By the way, I should mention that this code all works perfectly with color images, but Mendeleev exists only in black and white. This is fitting because almost all the elements, and therefore almost all the photographs I have to work with, are metals of one shade of gray or another. So given a database of photos of the elements, it's actually a good thing to work with black and white master images.
Let's try a new tack with a simple stochastic (random) algorithm. This one works by randomly selecting pairs of slots in the mosaic and the pool and seeing if the result can be improved by swapping those two colors. If so, it does the swap; if not, it does nothing and tries a new pair of slots.
I won't explain the code in detail other than to say that for convenience the image has been turned into a flat list of colors: the first 400 elements of currentColorsPool represent the 400 pixels of the mosaic.
To get started we initialize the master image and current color choices for each pixel in it:
The function doPairSwitches[n] tries n random swaps to see if they improve things. One fun thing about this algorithm is that you can watch what's going on by simply dynamically watching the value of currentColorsPool. The following command sets up an image that will always show the current state of the optimization.

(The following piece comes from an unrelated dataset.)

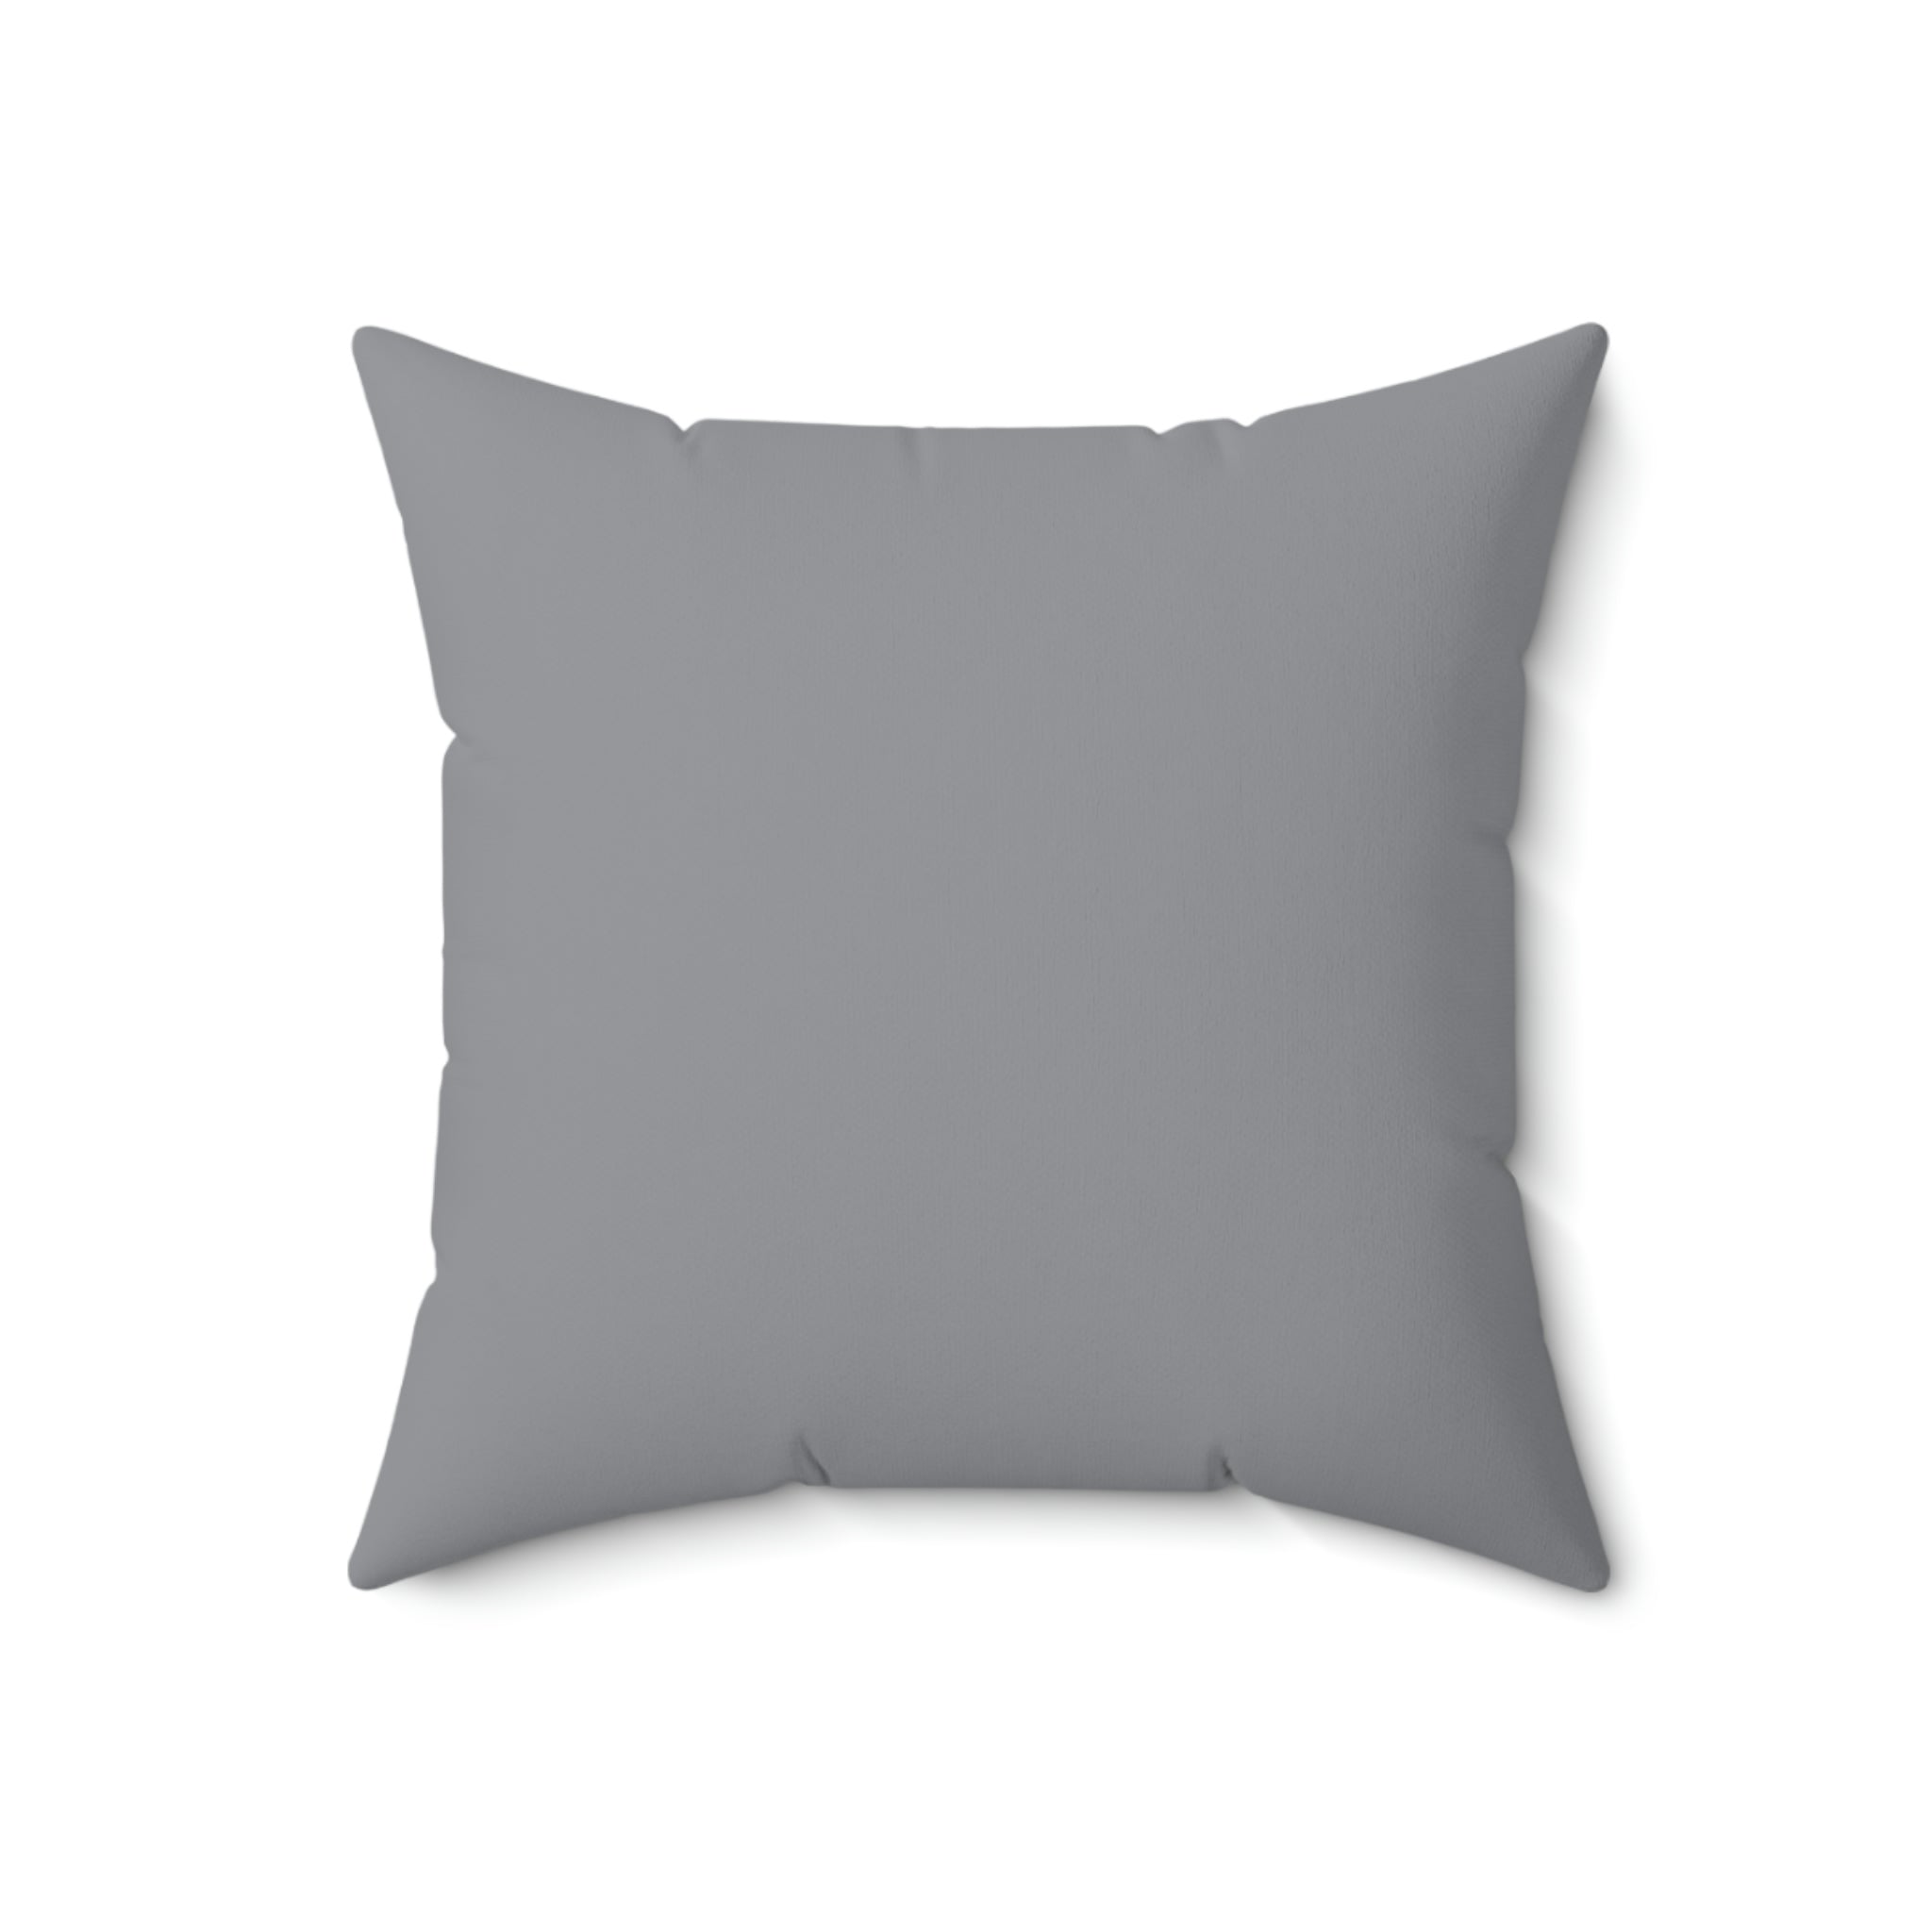 Spun Polyester Pillow Jacks pattern

At first, it looks completely random, because it's just the first 400 colors in the pool.
But when we run the following command, the face takes shape quite rapidly:
(In the blog we've inserted a movie that shows roughly what this looks like at about 1/5 real time. On my laptop it takes about three seconds to do 100,000 cycles, while the movie runs for about 15 seconds here so you can better see what it's doing. In Mathematica itself, the output above would just change in place.)
For convenience and efficiency we've been working with just the colors, not the actual mini-images. To turn the list of colors back into images, we use the colorsToImagesRules list set up above (there are no identical average colors in the pool, so the color uniquely identifies its source image). Here's what the image looks like after 1,000,000 cycles (about 30 seconds on my laptop):
And just for fun, here's a movie showing the progress through 2,000,000 cycles (first every 10 cycles, then every 40 cycles, then every 2000 cycles):
Of course, generating this movie takes a good bit longer than a minute because it has to generate and export 3000 full image frames: it takes about an hour on my laptop. Here is the code that generates each frame of the movie:
So, this is pretty good, and it's a neat movie done with (not to sound like a broken record) not a whole lot of code.

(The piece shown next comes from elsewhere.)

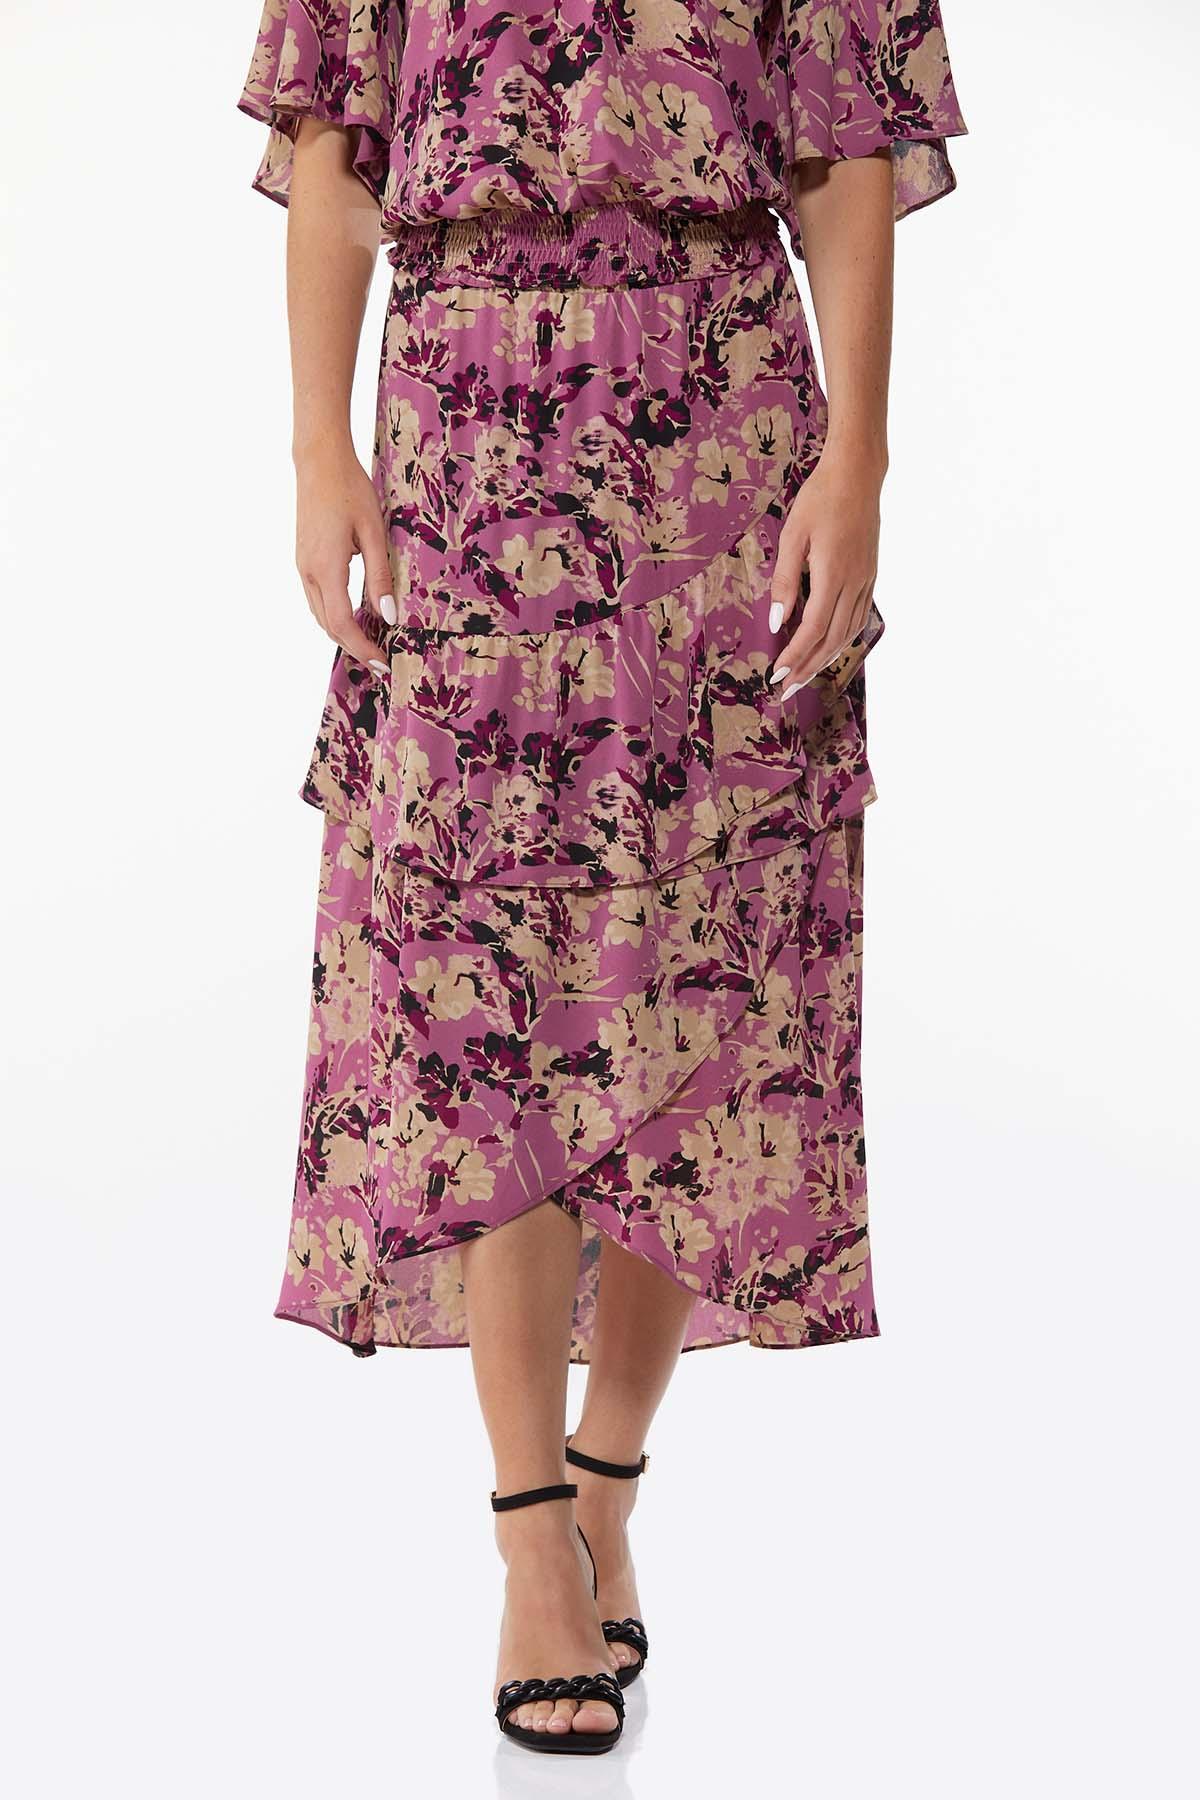 Grape Floral Skirt

But of course, there is a gold standard here. There is one uniquely most-perfect possible choice and arrangement of images, the one that gives the globally minimal error in color and brightness. Setting up this calculation is beyond my mathematical knowledge, so I turned to numerics expert Daniel Lichtblau, who kindly sent me the code below.

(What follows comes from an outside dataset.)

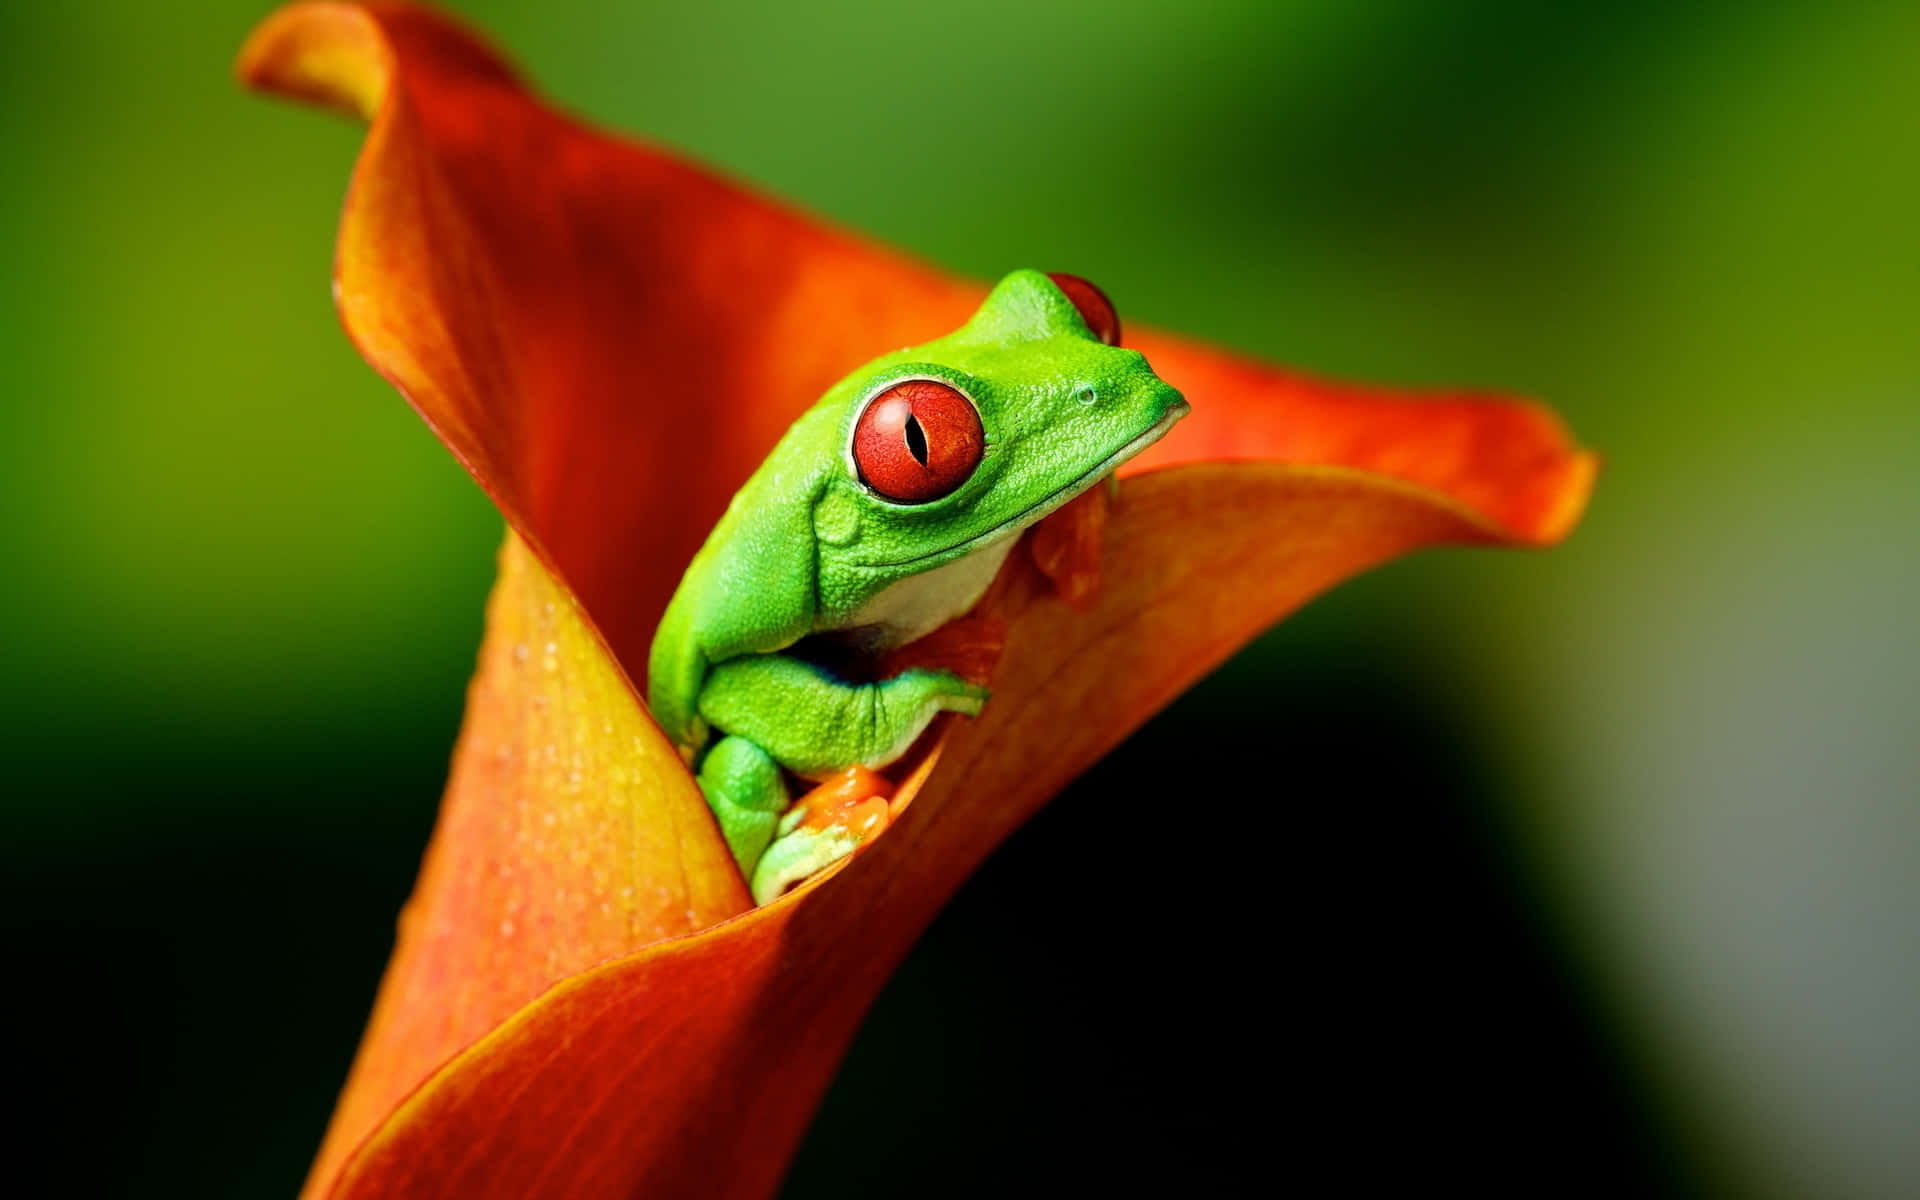 Green Frog on a Leaf

Daniel's solution is to use linear programming starting from a 400 by 2000 (approximately) matrix that gives the color distances between every pair of target values and available pool colors. Each of these 800,000 values is then multiplied by its own unique variable, and those values are added up; that becomes the target function to be minimized. But each slot in the master image can get only one image, not a linear combination of many of them, so Daniel introduces a set of 800,000 constraints that say each variable must be between 0 and 1. There are 2400 further constraints, which say the sum of the variable values in each row must equal 1, and columns must sum to no more than 1. These constraints will only be satisfied if each variable is exactly 0 or 1, and there's a single 1 in each row (some columns will have only 0s). Okay, this fact relies on use of random perturbations, a bit of subtle theory, and very probably some outright magic.
So my image problem is reduced to a linear programming problem with 800,000 variables and 802,400 constraints. Child's play! OK, it does take about four minutes on my laptop, using an interior point method, I am told.
Here is the setup, constructing the matrix of color distances, the target function, and the constraints. (The random fuzz added to each color ensures that every pixel has a different color, even though there are actually a fair number of duplicates. With duplicates there is no single unique best result, which upsets the algorithm.)
Here is the magic, a call to the built-in function NMinimize (this line takes about four minutes on my laptop):
And here we pick the results back out of the return value of NMinimize:
So there it is, the best possible image of Mendeleev made from my pool of images.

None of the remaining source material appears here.